WHAT THE EXERCISE ASKS: Using the data below, print exactly the line with "DJI OSMO Pocket", the line with "1937-06-06 University of", and every line between them, but none of the pictures.

MATERIAL SUPPLIED:
- - - - - - -

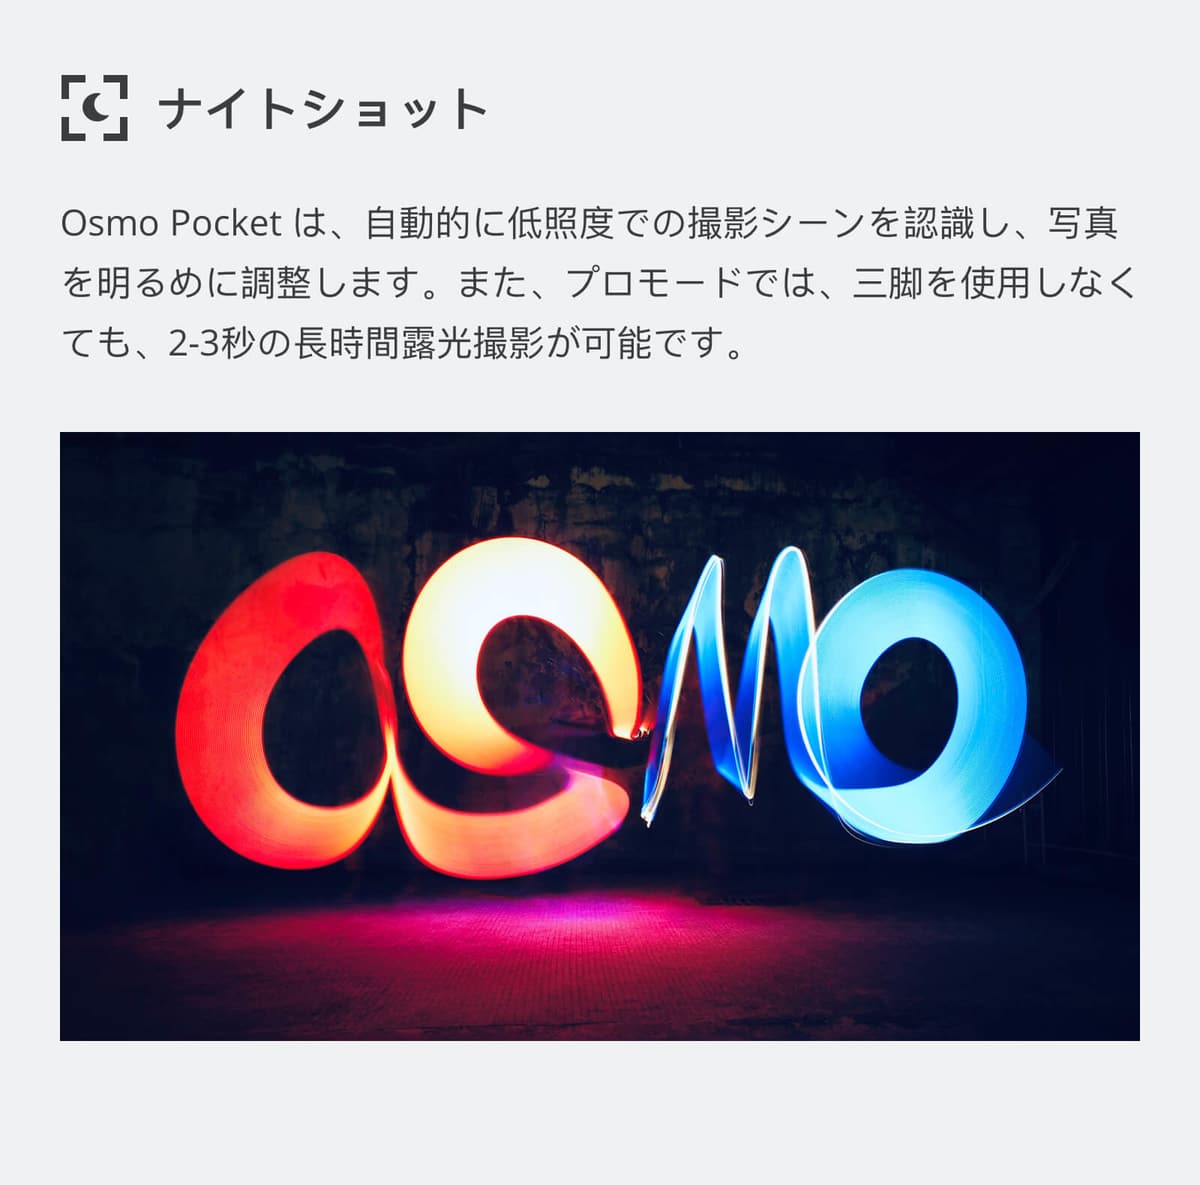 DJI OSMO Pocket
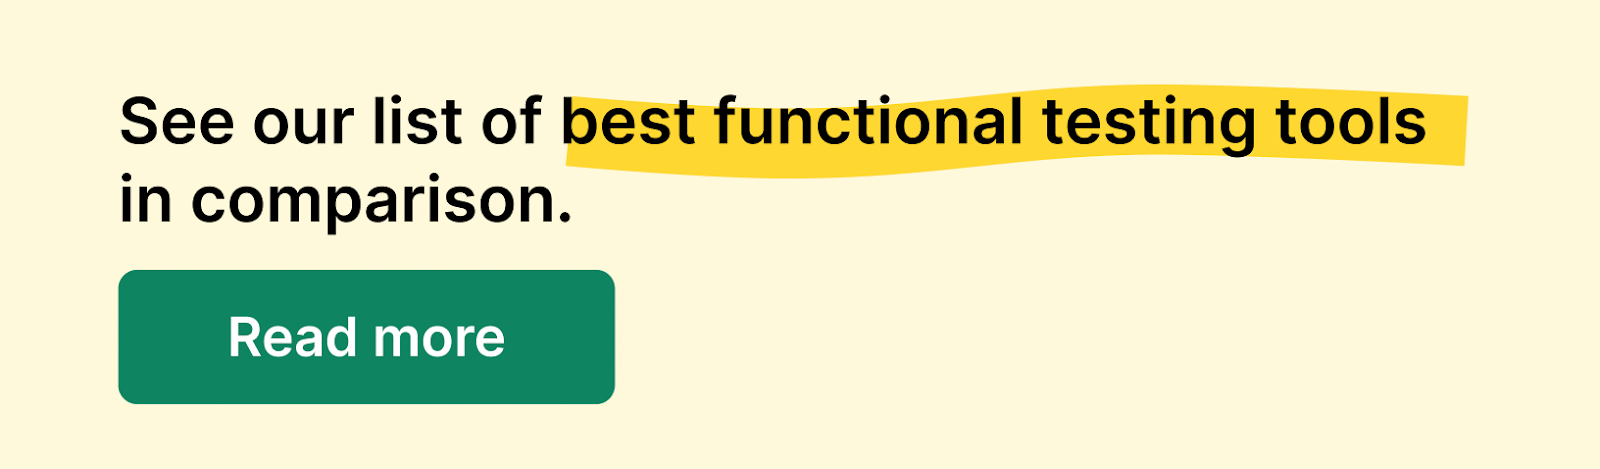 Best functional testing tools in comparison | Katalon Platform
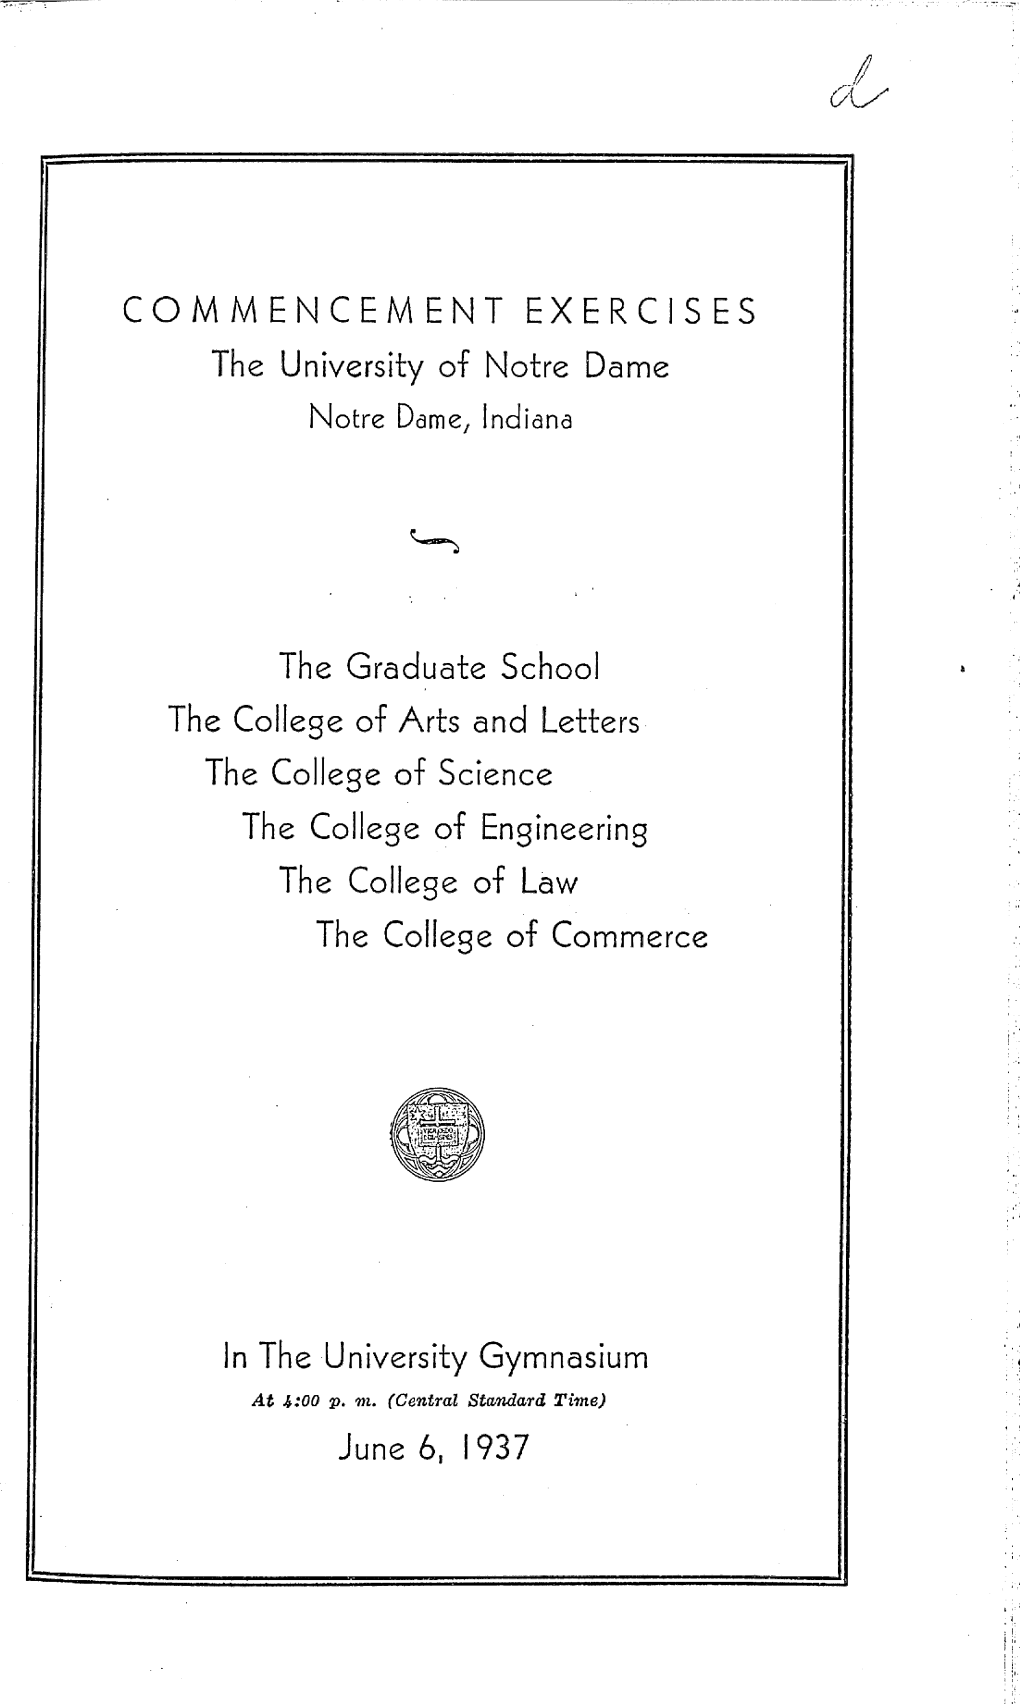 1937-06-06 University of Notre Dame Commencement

- - - - - - -

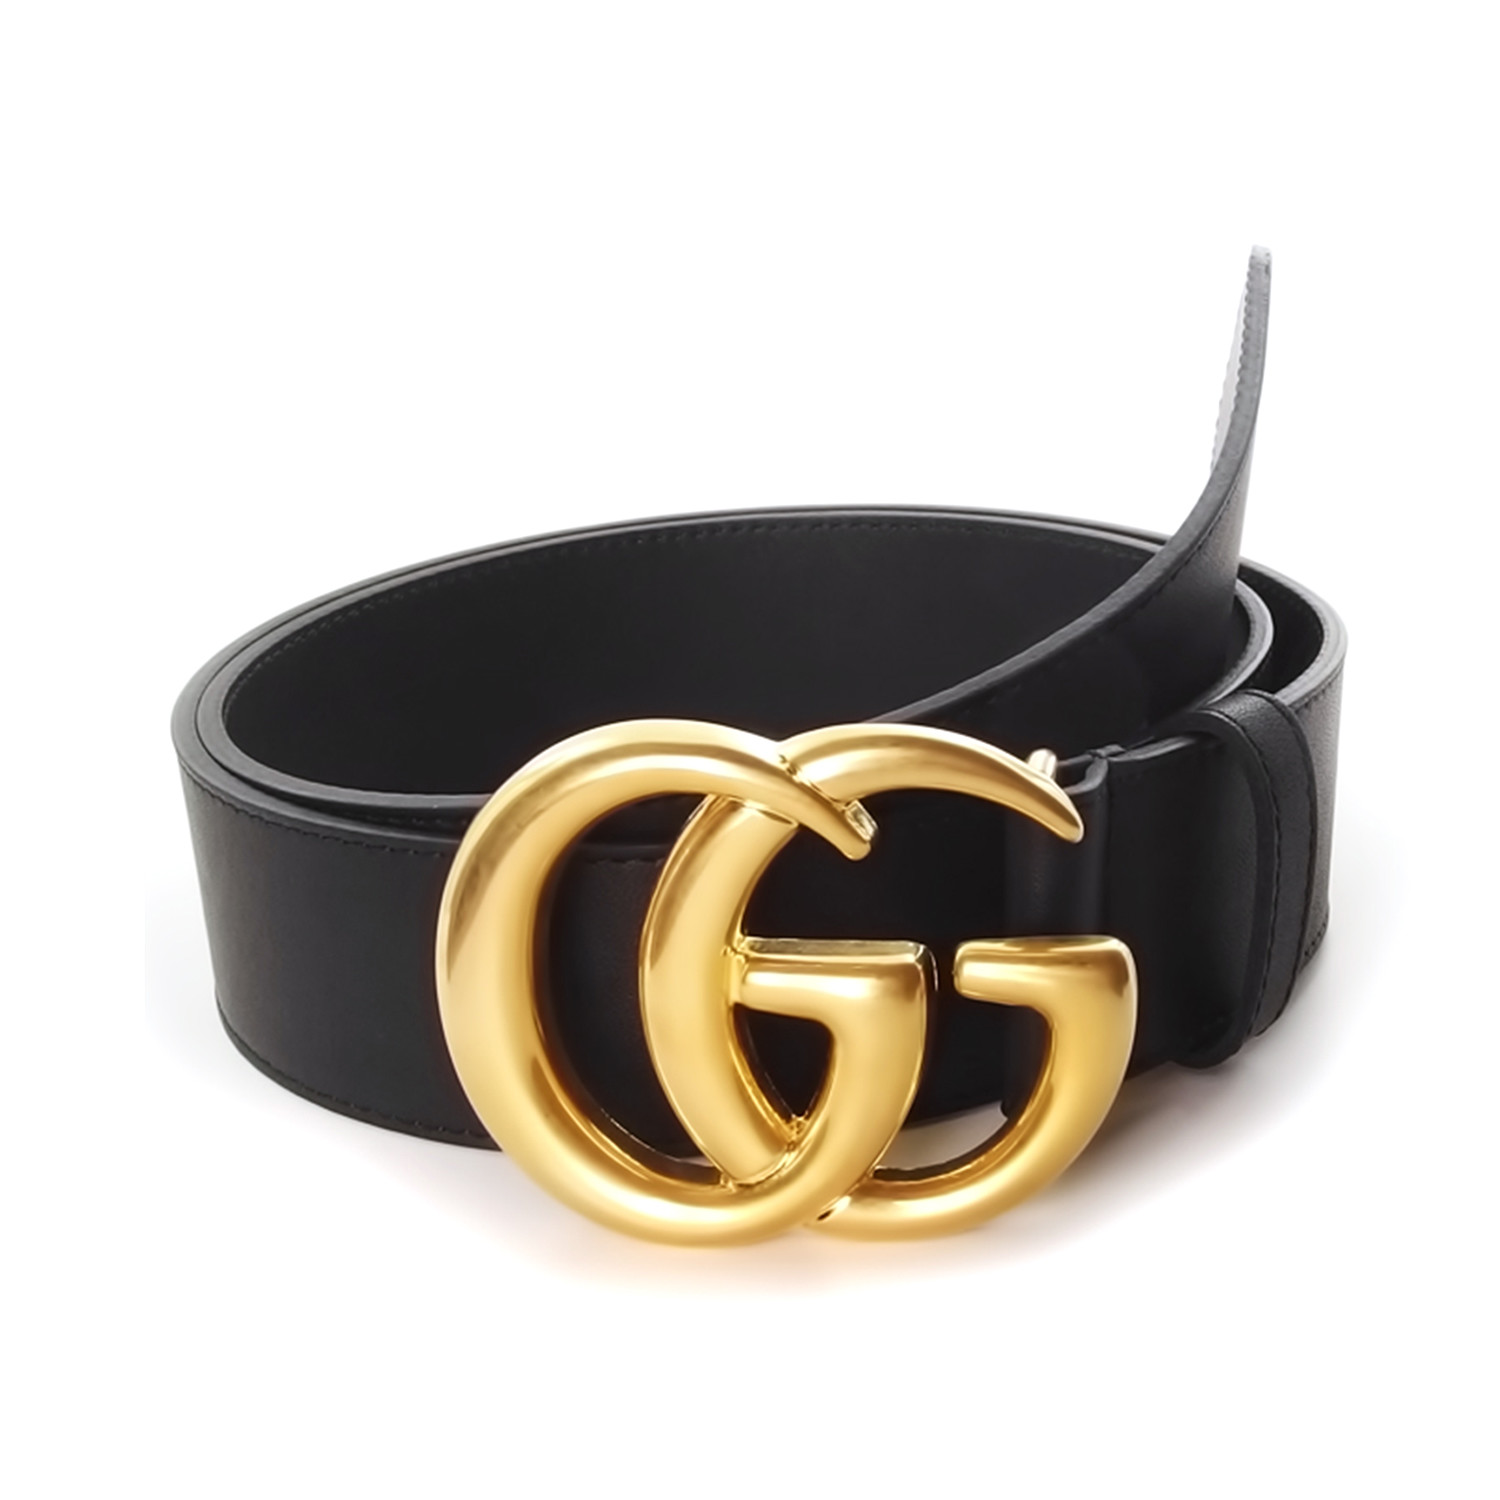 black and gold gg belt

- - - - - - -

WRITTEN SOLUTION:
 DJI OSMO Pocket
 Best functional testing tools in comparison | Katalon Platform
 1937-06-06 University of Notre Dame Commencement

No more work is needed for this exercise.